Hurricane Beryl is hurtling towards Jamaica and is expected to make landfall in the next few hours, as ITV News correspondent Geraint Vincent reports
Hurricane Beryl is roaring past Jamaica after killing at least six people in the south-east Caribbean earlier this week.
The storm is expected to generate a “life-threatening storm surge” and dangerous winds in portions of Jamaica and the Cayman Islands, according to the National Hurricane Centre.
Jamaica has been placed under a state of emergency for the next seven says, with Prime Minister Andrew Holness announcing an island-wide curfew between 6am and 6pm local time on Wednesday.
It is now considered a very strong Category 4 hurricane, with winds of 150 mph.
The Prince and Princess of Wales are reported to be privately donating to relief efforts and are following the impact of the hurricane closely.
By midday, winds howled in the Jamaica’s capital, turning the sea into churning whitecaps as Beryl’s eye scraped by the island’s southern coast.
Previously, it was named the earliest storm to develop into a Category 5 hurricane in the Atlantic and peaked at winds of 165 mph earlier this week.
After making landfall on the Grenadines, the storm left behind a path of “immense destruction, pain (and) suffering”, Prime Minister Ralph Gonsalves said.
Three people were reported to have died in Grenada and Carriacou and another in St.
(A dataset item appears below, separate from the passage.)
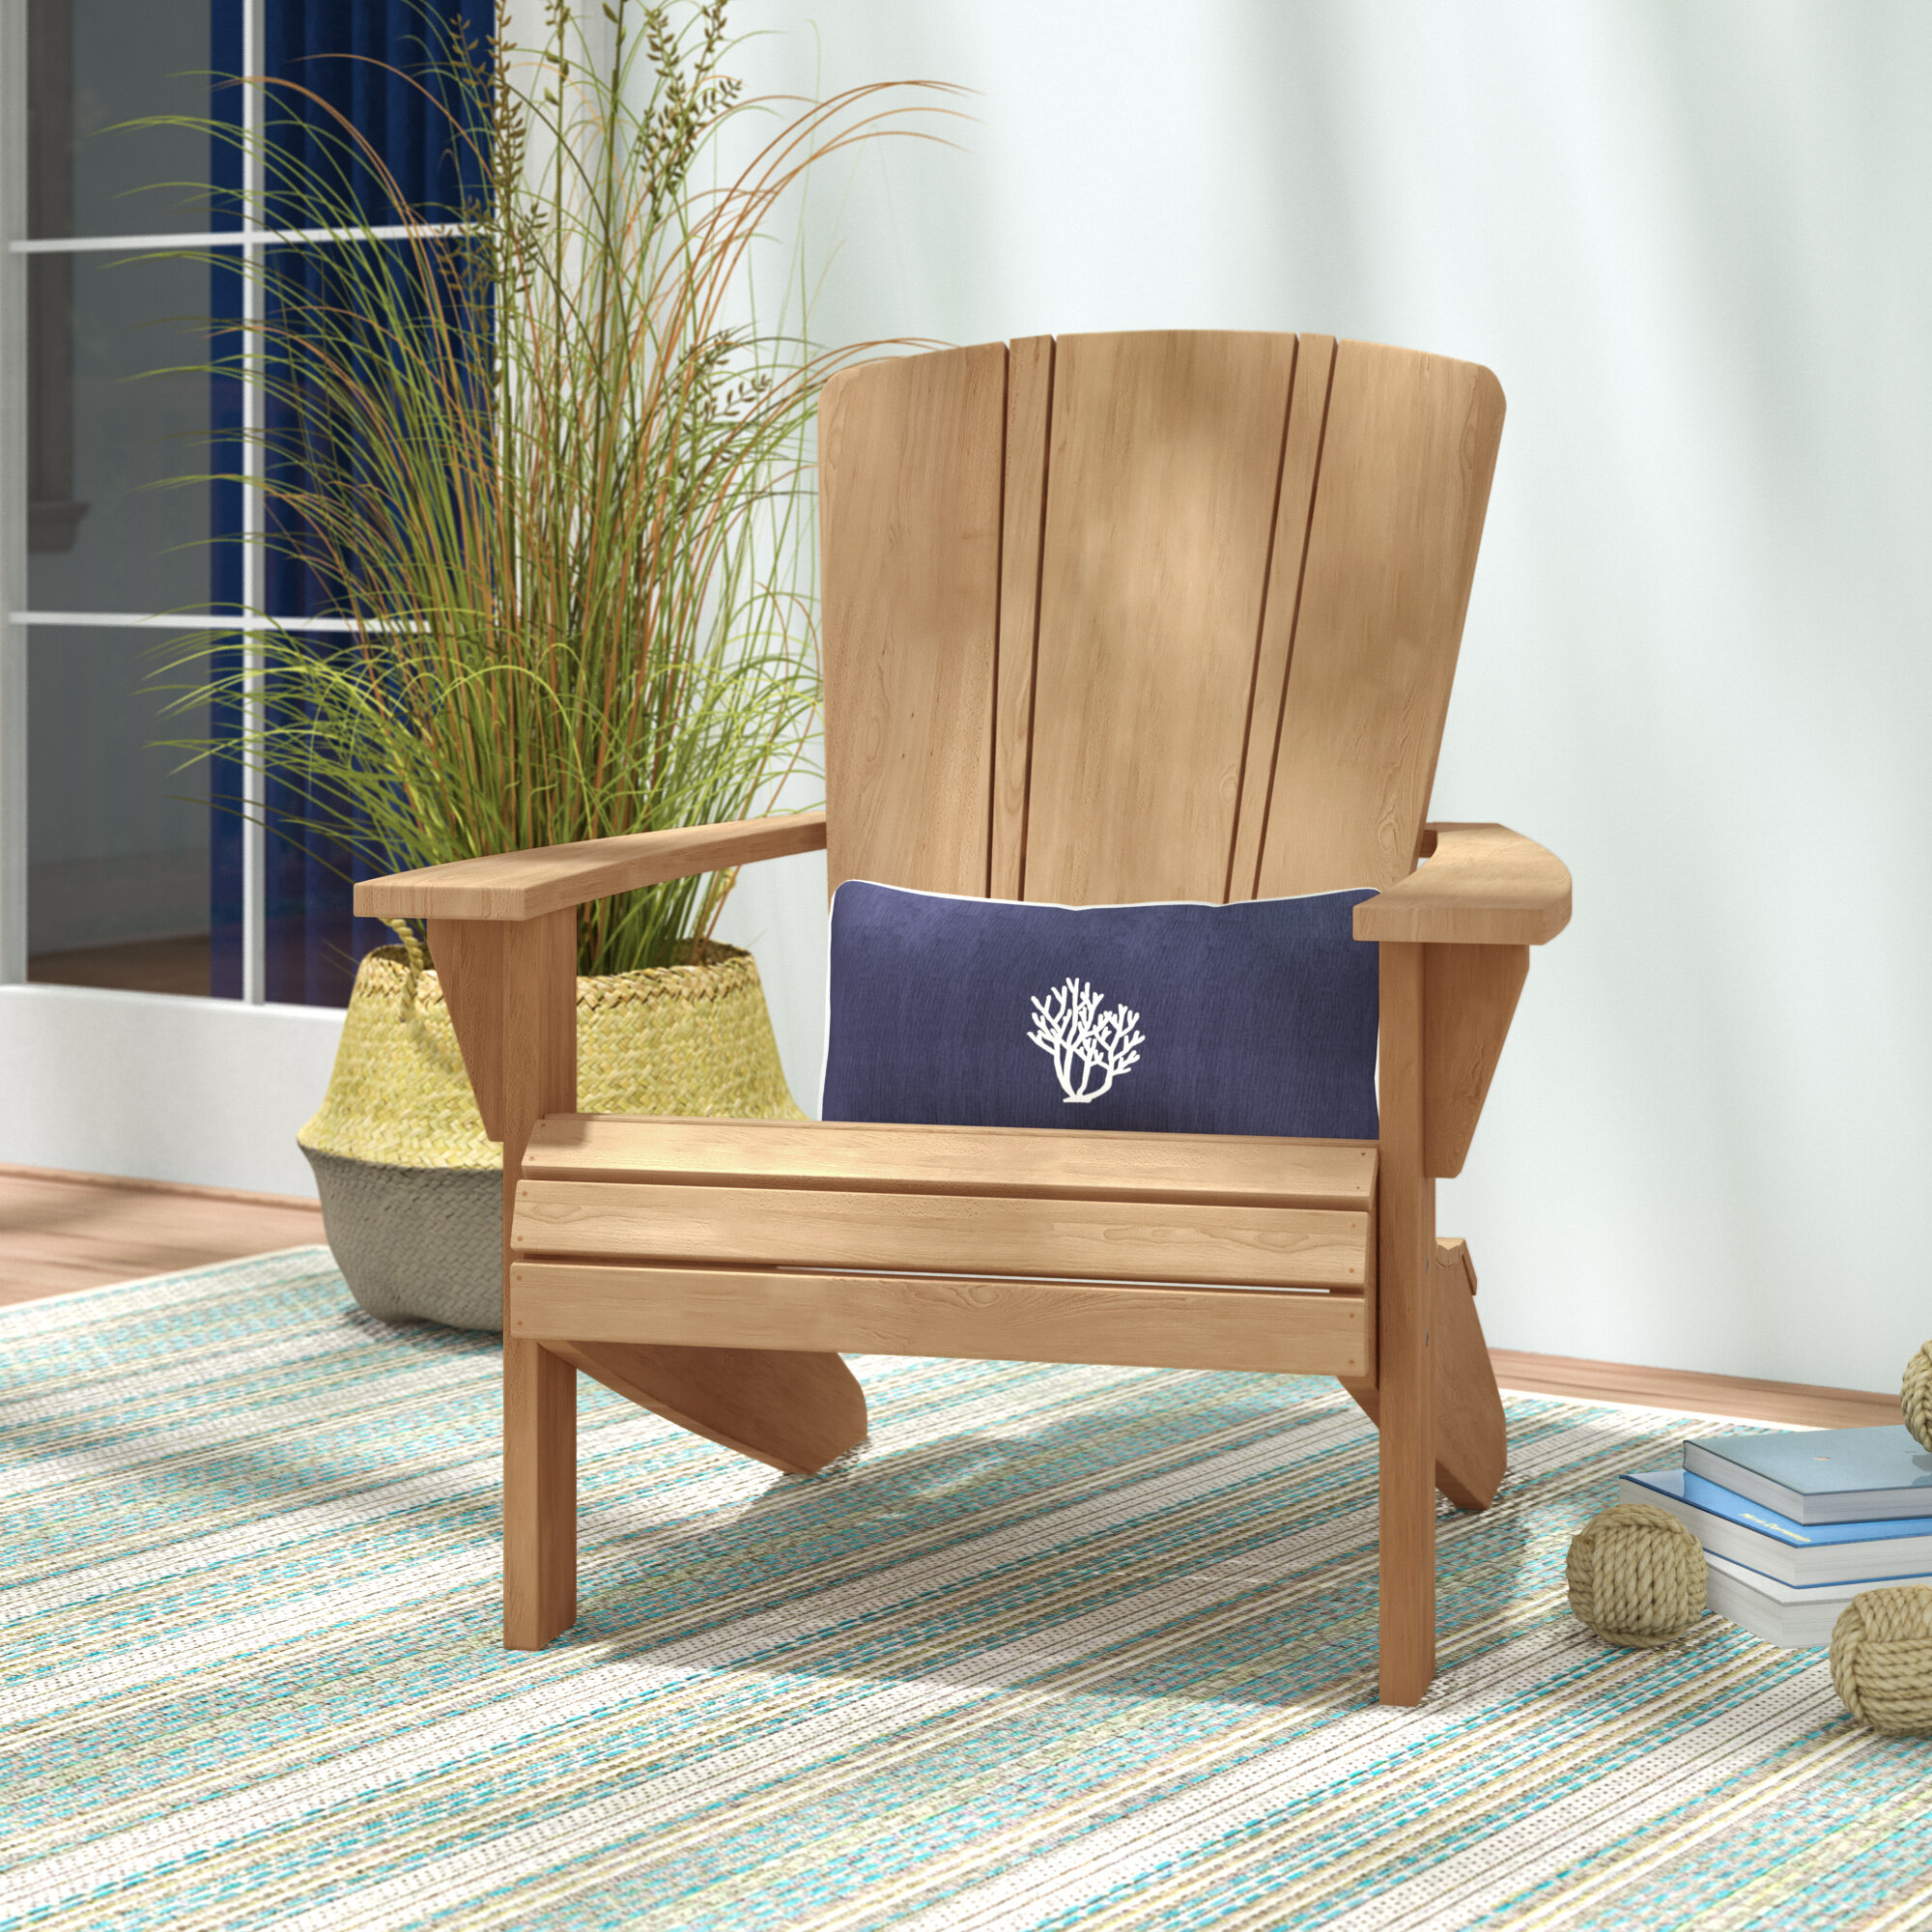 Premium Knot-free Cedar Adirondack Chair Kit

Vincent and the Grenadines, officials said.
Another two deaths were reported in northern Venezuela, bringing the death toll to six.
“The situation is grim,” Grenadian Prime Minister Dickon Mitchell said. “There is no power, and there is almost complete destruction of homes and buildings on the island.
“The roads are not passable, and in many instances they are cut off because of the large quantity of debris strewn all over the streets.”
Mitchell added: “The possibility that there may be more fatalities remains a grim reality as movement is still highly restricted.”
Beryl’s rapidly intensifying strength and early arrival are rare for the Atlantic hurricane season and are a troubling indicator that this season will be far from normal.
The storm has already shattered numerous records. On Sunday it became the earliest major hurricane – defined as one that is Category 3 or higher – in the Atlantic in 58 years and the only one to reach Category 4 status in the month of June.
The hurricane was able to churn to life because the ocean is as warm now as it would normally be at the peak of hurricane season, said Jim Kossin, a hurricane expert and science advisor at the nonprofit First Street Foundation.
“Hurricanes don’t know what month it is, they only know what their ambient environment is,” Mr Kossin said. “Beryl is breaking records for the month of June because Beryl thinks it’s September.”
Mr Kossin added the ocean heat fueling Beryl’s unprecedented strengthening “certainly have a human fingerprint on them”.
The National Oceanic and Atmospheric Administration predicts the 2024 hurricane season is likely to be well above average, with between 17 and 25 named storms. The forecast calls for as many as 13 hurricanes and four major hurricanes.
An average Atlantic hurricane season produces 14 named storms, seven of them hurricanes and three major hurricanes.